When 90% of AI Agents Fail: What Zendesk’s Team Learned Building the Real Thing
Based on a talk by Mirza Beširović at ProductLab Conference 2025 [Slides included]
At ProductLab Conference 2025, Mirza Beširović, AI Product Leader at Zendesk, shared what their team has learned building and scaling AI agents in real production environments — where systems need to withstand high interaction volumes, unpredictable customer behavior, and real business stakes.
This post summarizes Mirza’s talk. Quotes are from the session, but the wording and commentary are mine.
Mirza stood on stage and asked a simple question:
“Raise your hand if you’ve built an AI agent in the past six months.”
About half the room raised their hands.
“Keep it up if it actually worked the way you wanted it to work.”
Half the hands went down.
“Keep it up if you’re still using it six months later.”
Only about 10% remained.
The room got quiet. That uncomfortable kind of quiet when someone just said the thing everyone was thinking but nobody wanted to admit.
Mirza leads Zendesk’s AI agents platform. They process millions of customer service interactions, dealing with handoffs that fail, latency that kills trust, agents that break.
But they’re figuring it out at scale. What Mirza shared wasn’t theory. It was battle scars.

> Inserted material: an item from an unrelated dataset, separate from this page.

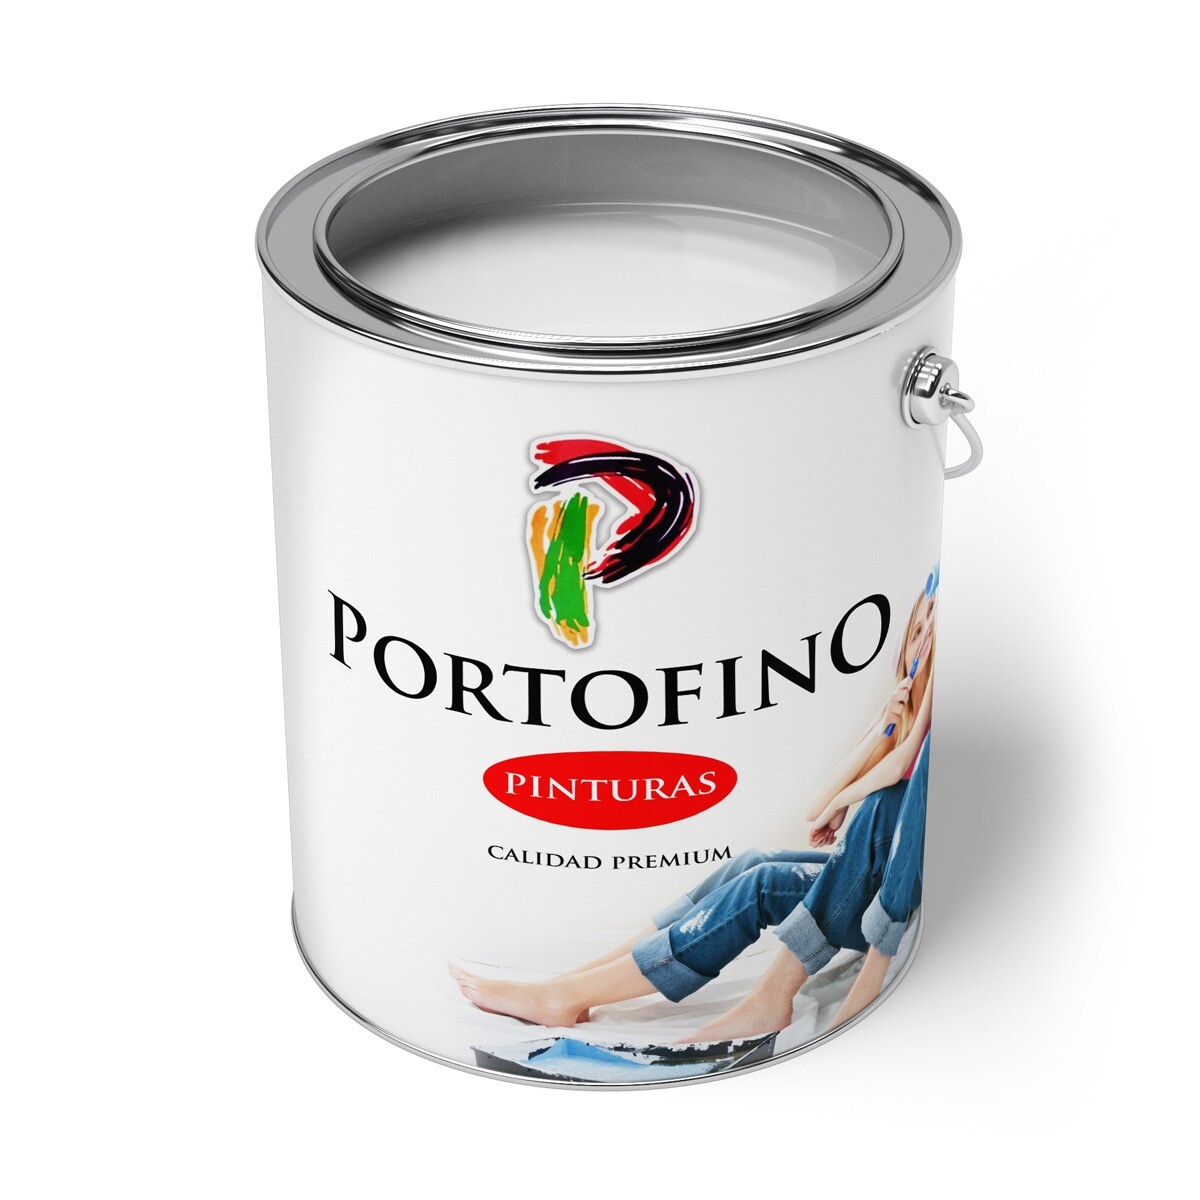 Convertilux Portofino 1 Lt. Vde.manzana

“You’re not alone. We’re all still learning and experimenting. Most of us are still figuring out how this is working.”
That honesty? That’s what made the room lean in.
The Job Has Already Changed (We Just Don’t Know It Yet)
“Most PMs don’t realize that the product management job has already changed drastically and fundamentally. We’re all still kind of catching up with it.”
That’s what Mirza opened with. And I felt it land in the room.
We’re still writing PRDs for probabilistic systems. We’re still running sprints for research that takes either 6 days or 6 months. We’re still planning features when we should be orchestrating capabilities.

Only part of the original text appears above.